# Welchen Boden für Obstbäume?



## einfachichKO (17. Juli 2013)

Hallo meine lieben...

...ich hätte da mal eine Frage und vielleicht kennt sich jemand damit aus.

Also folgendes, meine Freundin hat vor ca. 5 Jahren ein Haus gekauft mit einem relativ großen Grundstück, die Vorbesitzerin war eine Pferde.... jedenfalls hat sie das Grundstück, ich glaube so ca. 1500 m² komplett 20-40 cm auskoffern lassen und hat dann das ganze mit Schotter aufgefüllt. Die hat also den guten Mutterboden gegen totes Material ausgetauscht damit die Viecher gut laufen konnten...
Jetzt haben wir natürlich das Problem das wir, überall wo wir was Pflanzen wollen immer den Grund mit ErdeMutterboden austauschen müssen.
Auf dem Grundstück wurde ja schon überwiegend Rasen/Wiesenfläche angelegt, unter dem Rasen ist ein ca. 5-10 cm tiefes Sand/Bodengemisch und dann kommt der Schotter...
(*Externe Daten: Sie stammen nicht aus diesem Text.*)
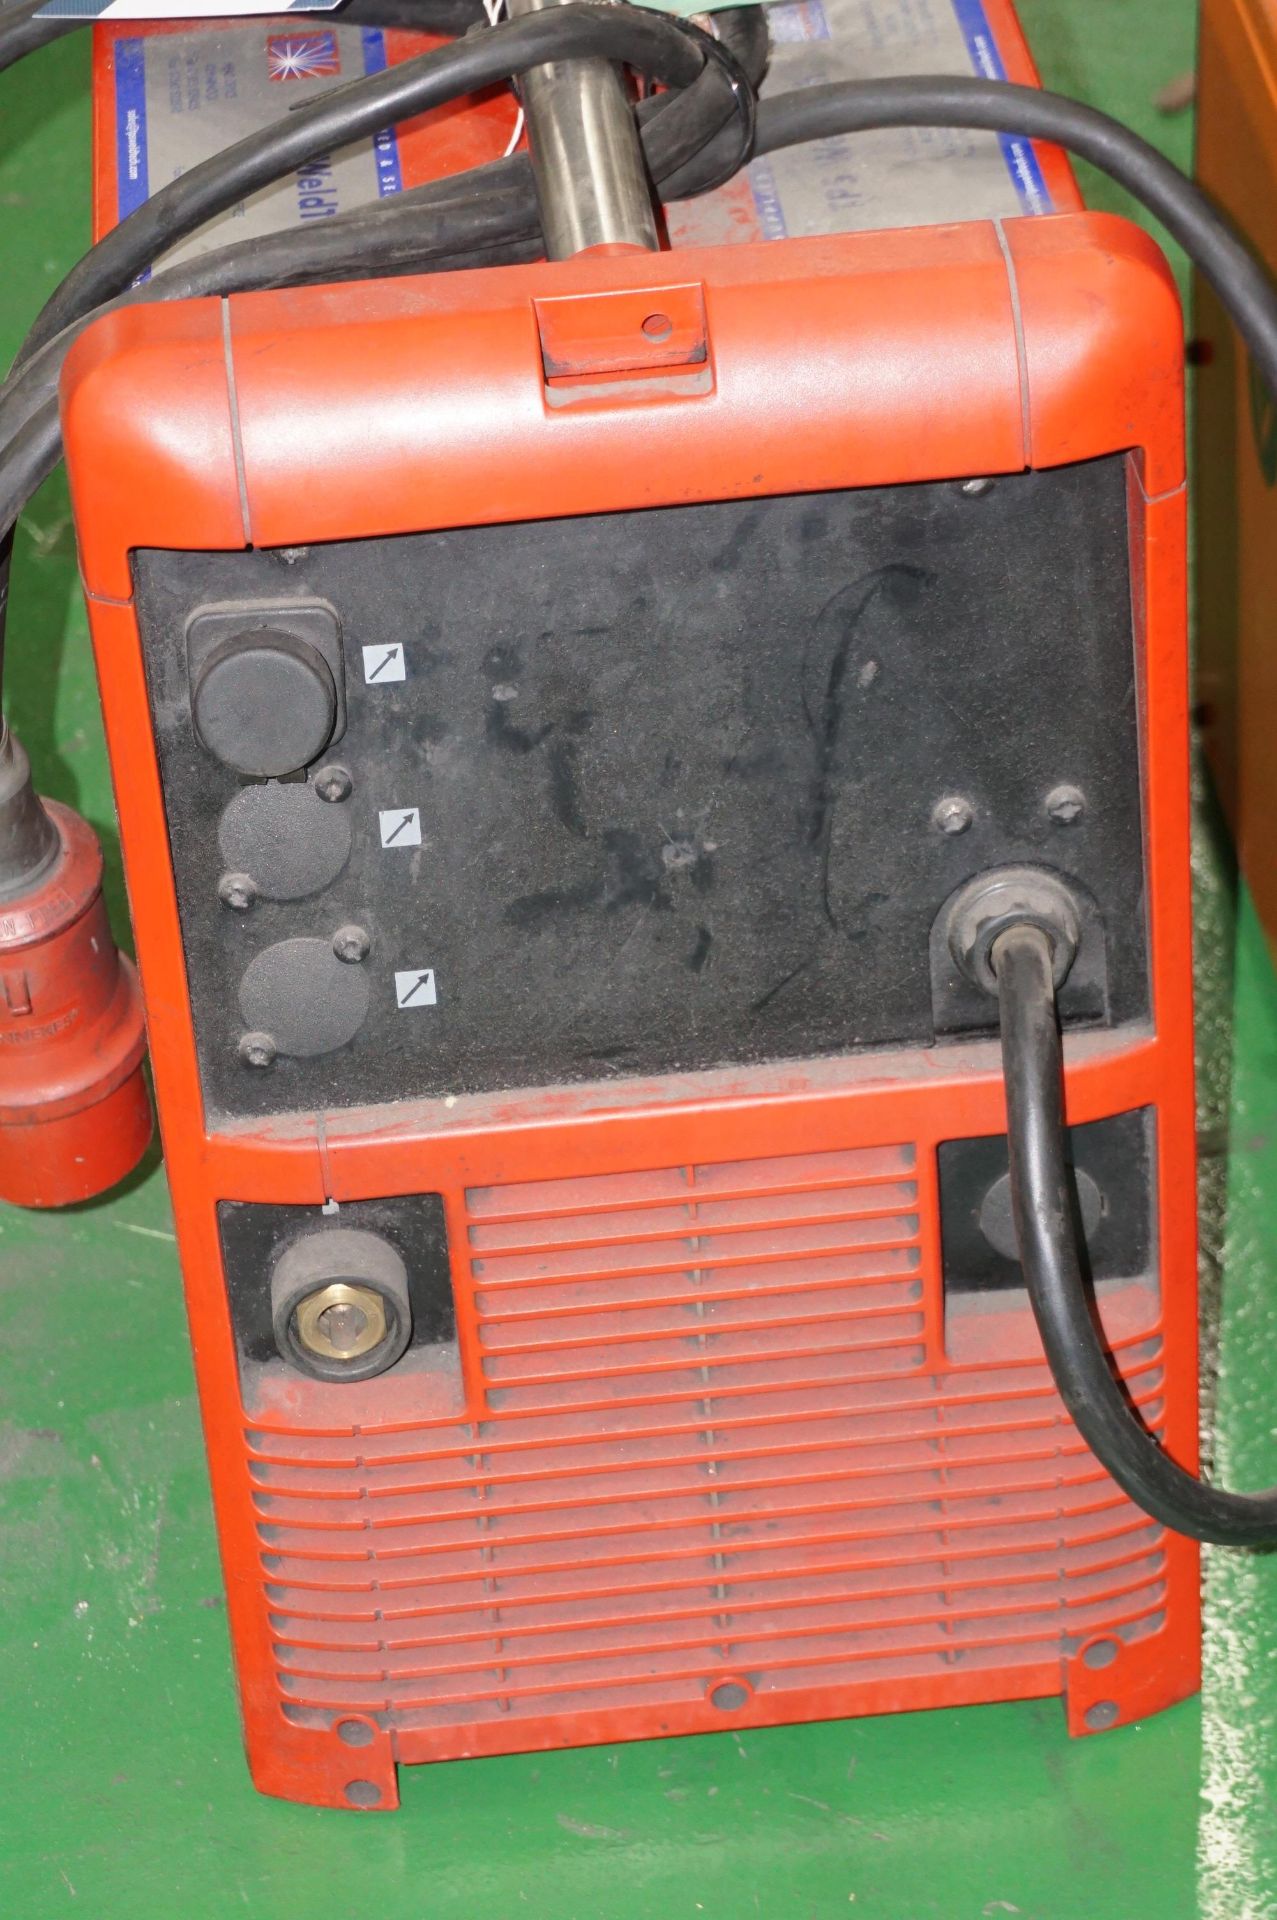 1 x Kemppi KempArc Pulse 350 MiG/MaG welder and 1 x TPS WeldTech TransSynergic 4000 MiG/MaG welder - Image 9 of 9

Komme jetzt zu meiner eigentlichen Frage, wir haben vor ein paar Obstbäume zu setzen, vielleicht Kirschen oder sowas, wie groß müßten wir den Wurzelgrund anlegen damit sich der Baum wohl fühlt und das er was wird?

Ich dachte daran einen Wurzelgrund anzulegen mit L 1m  x B 1 m x T 50 cm. und das ganze dann mit Mutterboden auffüllen, würde das reichen für einen Baum?
Alles was wir ausschachten, müssen wir mit dem Handbagger machen...


----------